[Opening SOURCE DATA section]
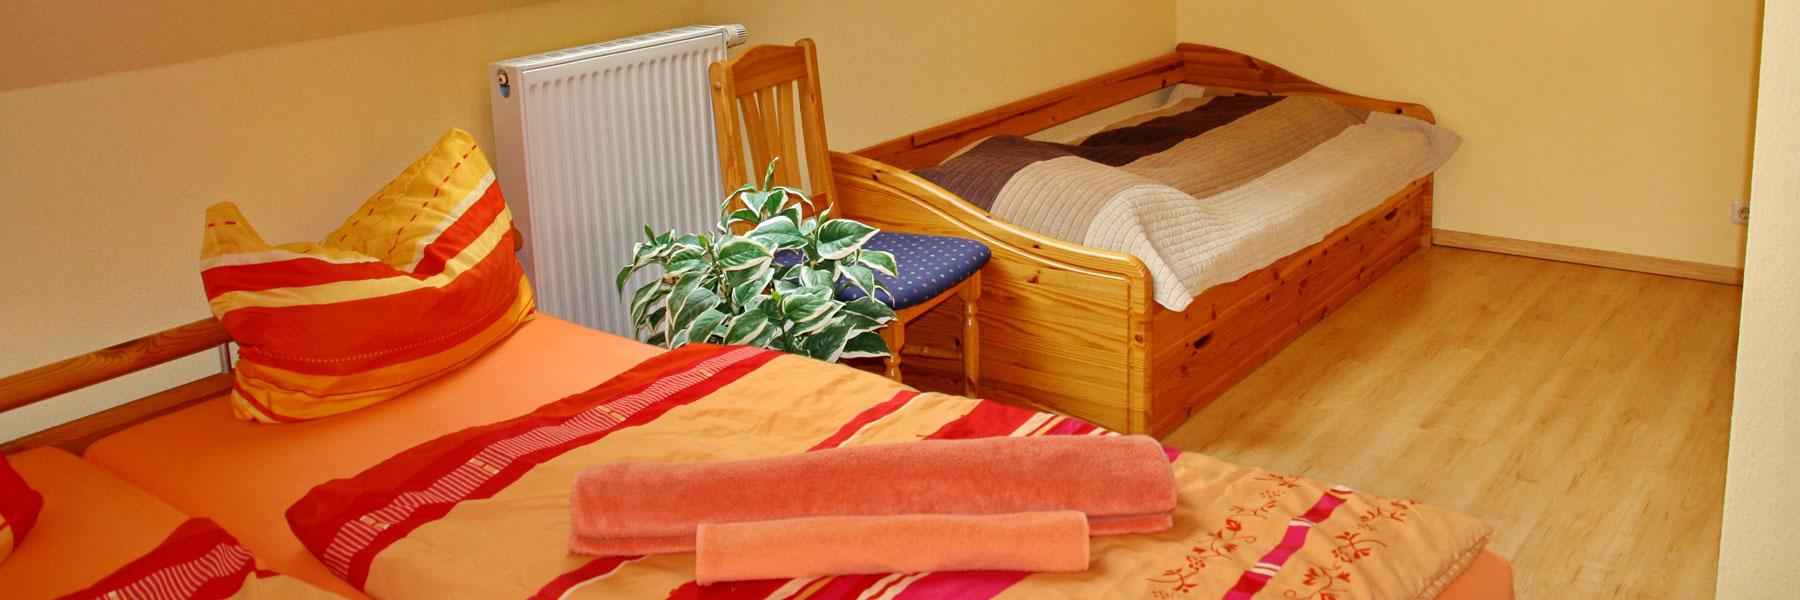 Schlafzimmer - Haus Giovanni
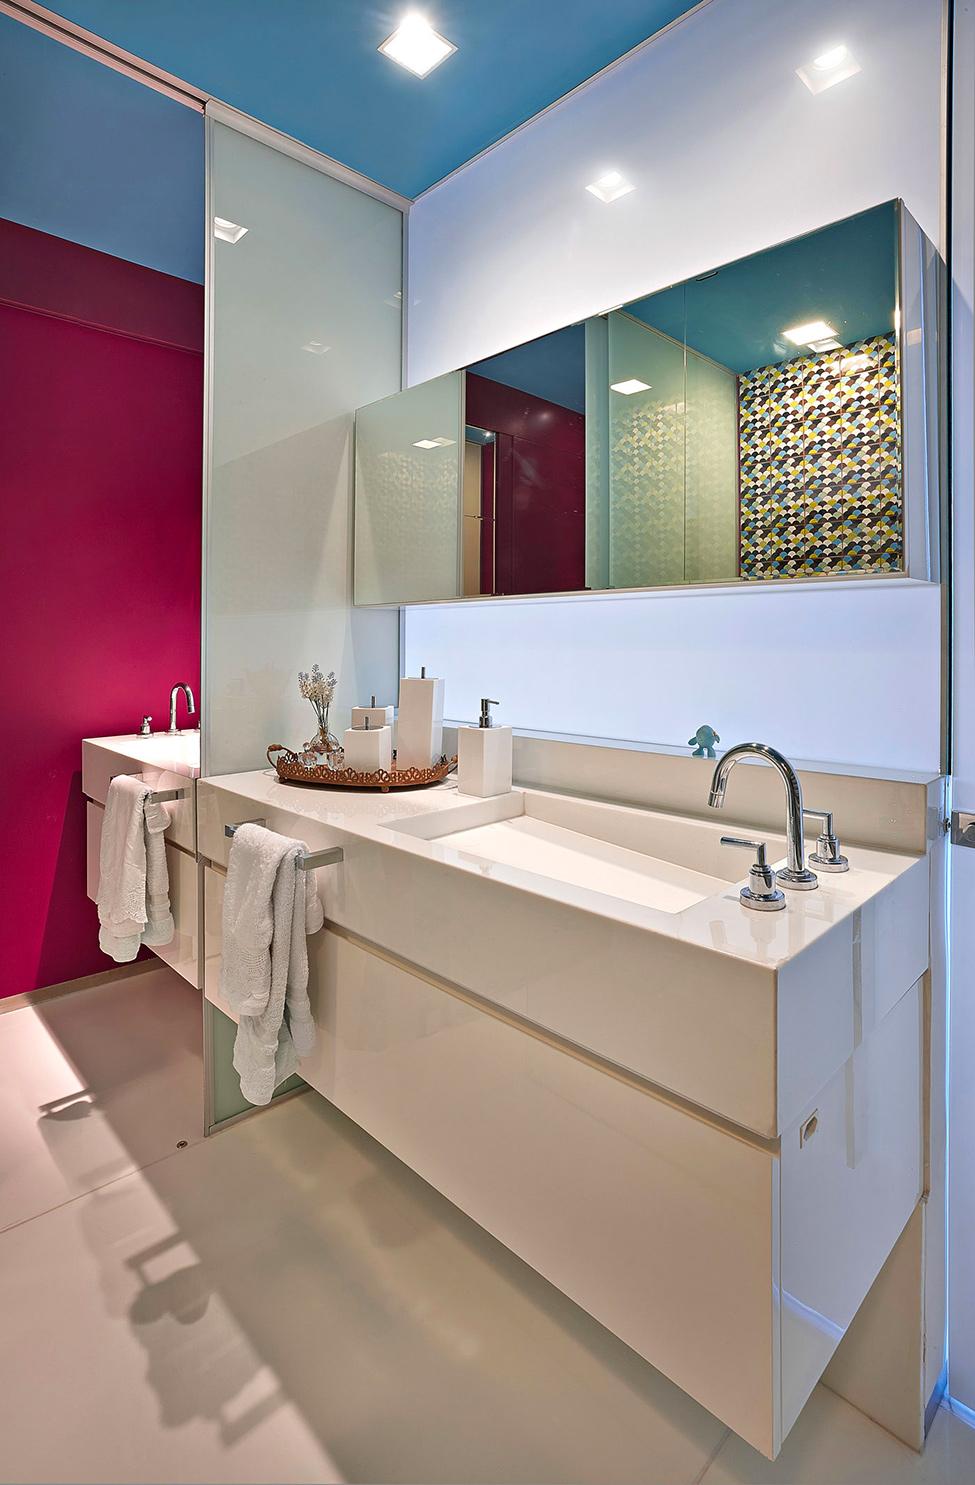 apartament-v-braziliq-pokazva-neveroqten-miks-ot-tsvetove-i-teksturi-914g
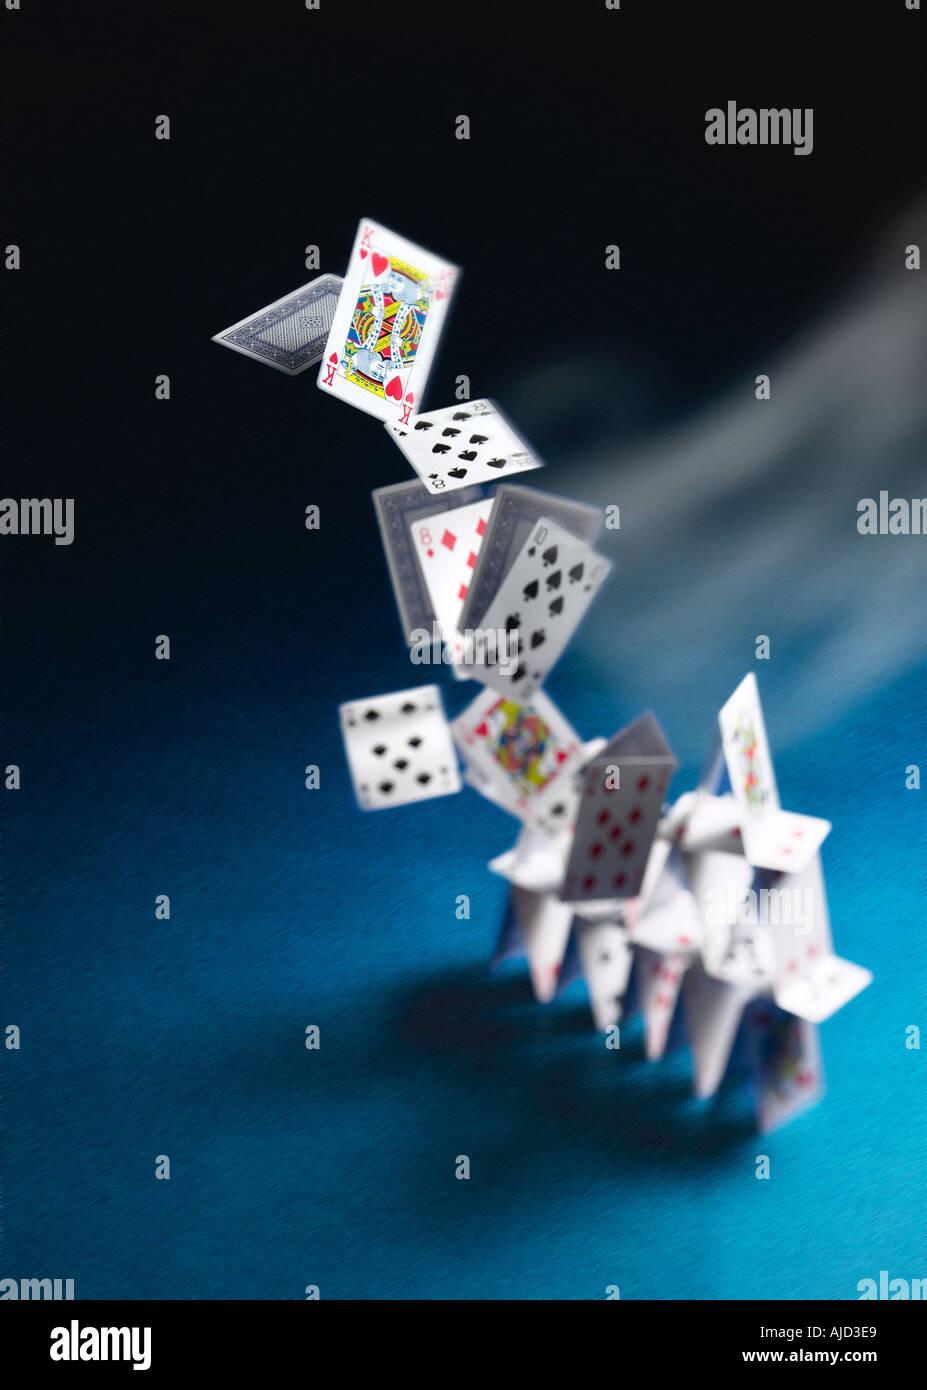 Torre di carte da gioco soffiata concept Immagini Stock
[Closing SOURCE DATA section]
TASK BRIEF → Without the pictures, repeat the listing above exactly.

SOLVED EXERCISE →
 Schlafzimmer - Haus Giovanni
 apartament-v-braziliq-pokazva-neveroqten-miks-ot-tsvetove-i-teksturi-914g
 Torre di carte da gioco soffiata concept Immagini Stock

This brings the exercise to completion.